NLP.Vocabulary¶
This document is auto-generated for Owl’s APIs. #28 entries have been extracted. timestamp: 2018-04-16 13:12:55
Github: {Signature} {Implementation}
Query vocabulary¶
val get_w2i : t -> (string, int) Hashtbl.t
get_w2i v returns word -> index mapping of v.

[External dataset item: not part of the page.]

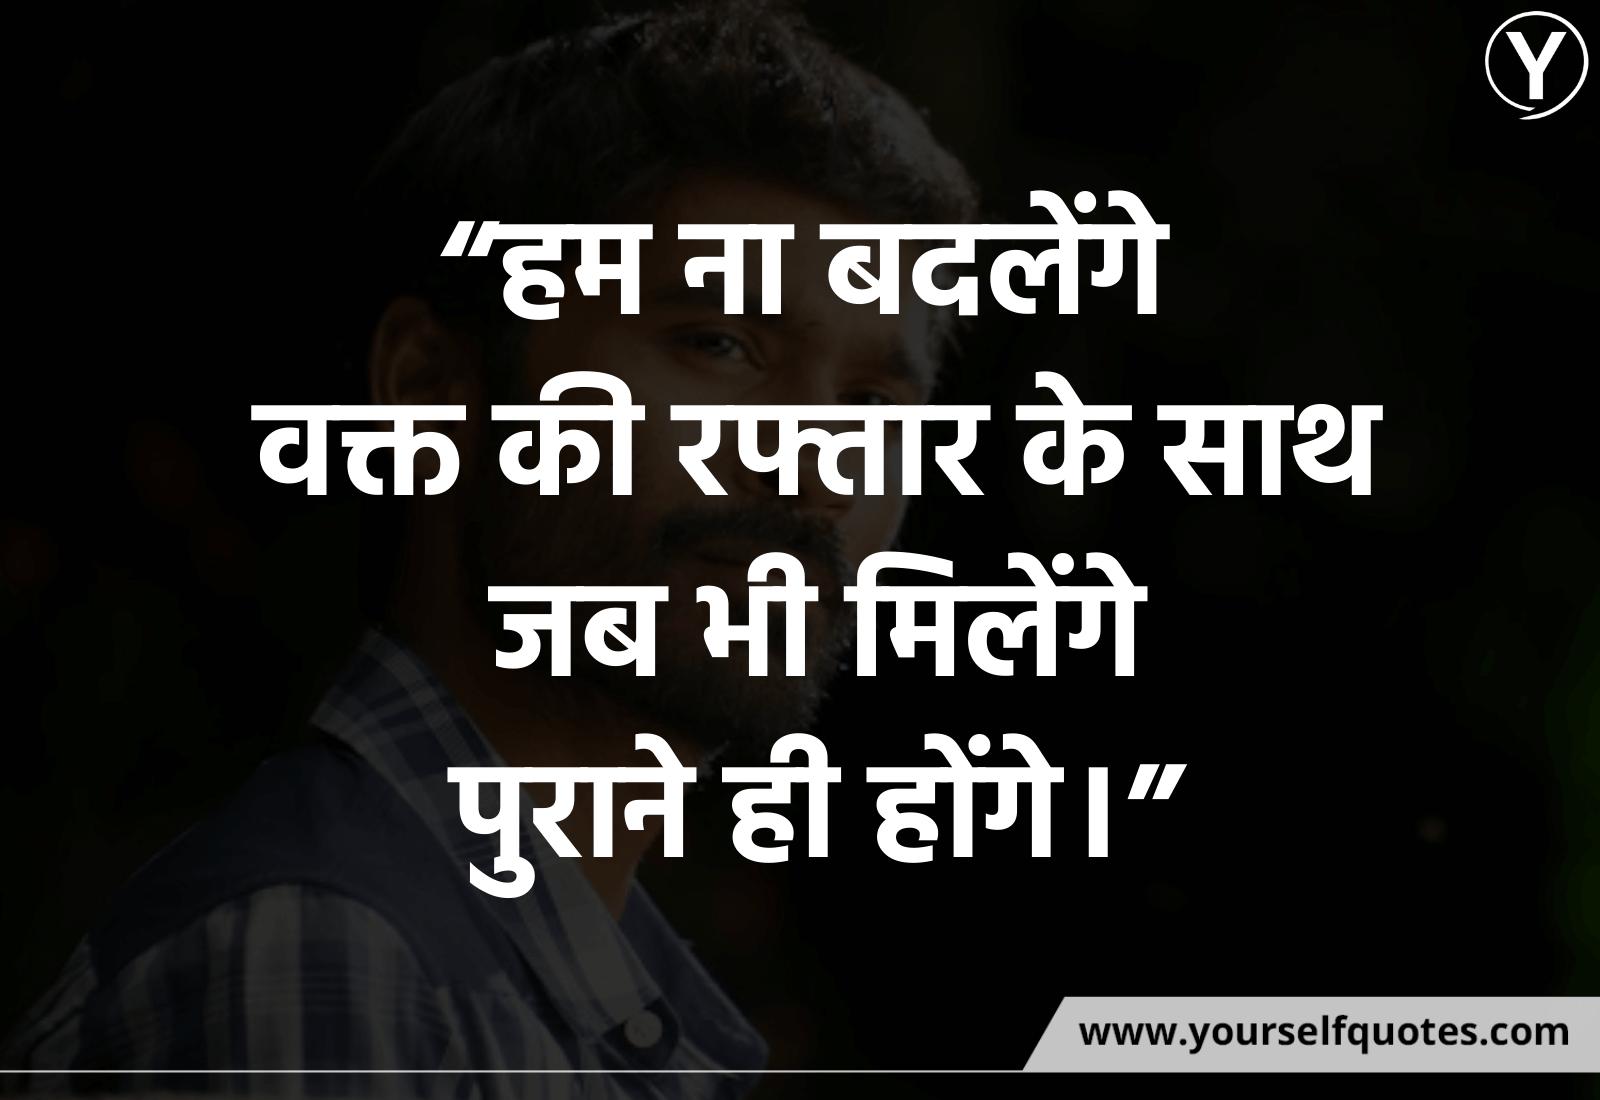 एटीट्यूड शायरी - Attitude Shayari in Hindi
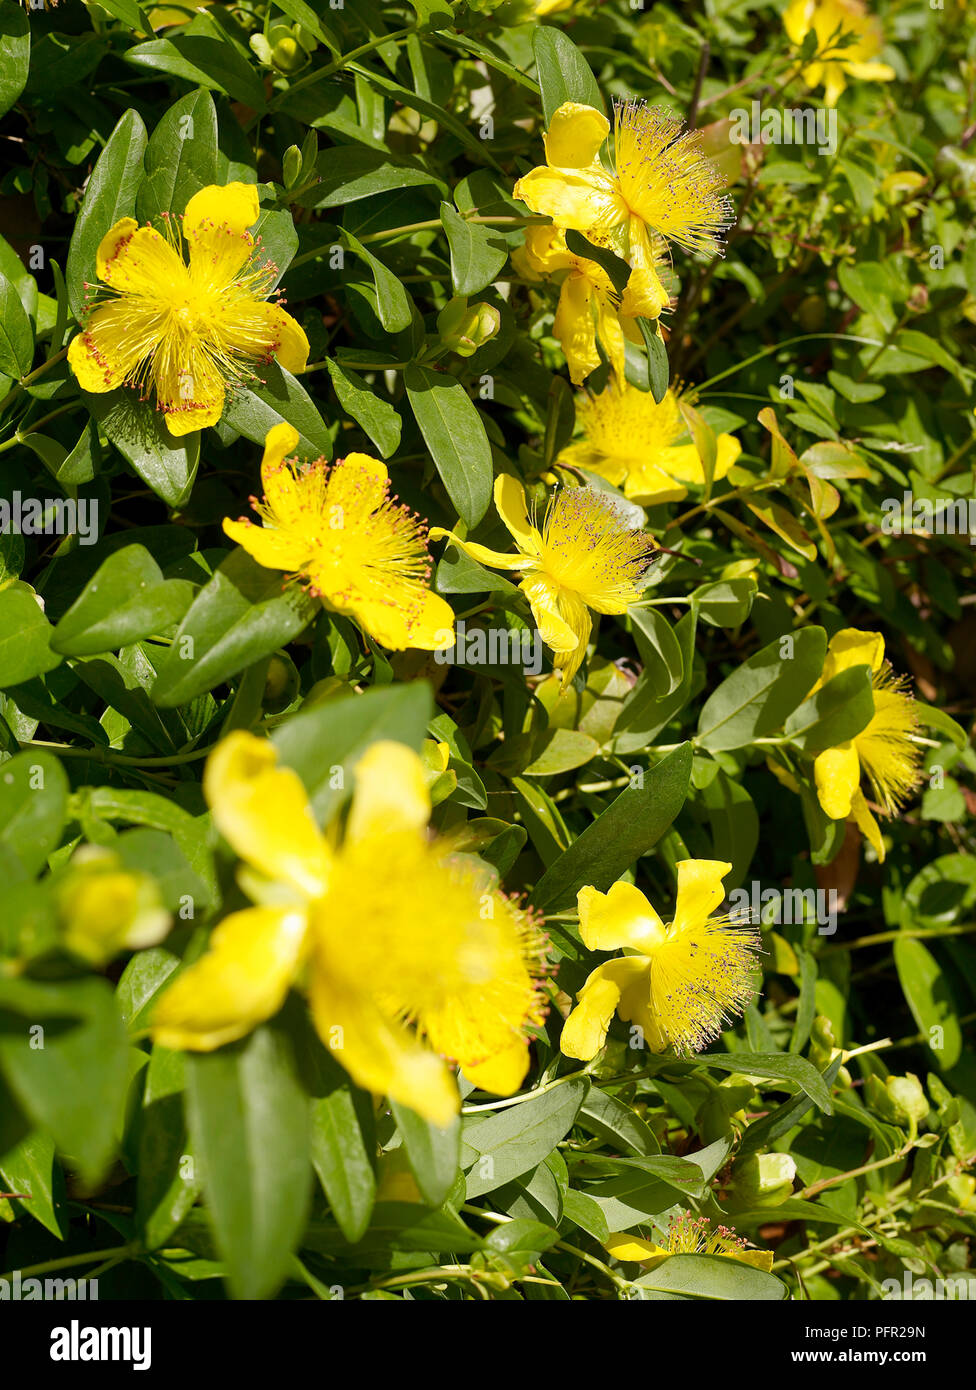 Hypericum Calycinum Rose Of Sharon Yellow Flowers Close Up Stock

val get_i2w : t -> (int, string) Hashtbl.t
get_i2w v returns index -> word mapping of v.
val exits_w : t -> string -> bool
exits_w v w returns true if word w exists in the vocabulary v.
val exits_i : t -> int -> bool
exits_i i w returns true if index i exists in the vocabulary v.
val word2index : t -> string -> int
word2index v w converts word w to its index using vocabulary v.
val index2word : t -> int -> string
index2word v i converts index i to its corresponding word using vocabulary v.
Obtain properties¶
val length : t -> int
length v returns the size of vocabulary v.
val freq_i : t -> int -> int
freq_i v i returns the frequency of word of index i.
val freq_w : t -> string -> int
freq_w v w returns the frequency of word w in the vocabulary v.
val sort_freq : ?inc:bool -> t -> (int * int) array
sort_freq v returns the vocabulary as a (index, freq) array in
increasing or decreasing frequency specified by parameter inc.
val top : t -> int -> (string * int) array
top v k returns the top k words in vocabulary v.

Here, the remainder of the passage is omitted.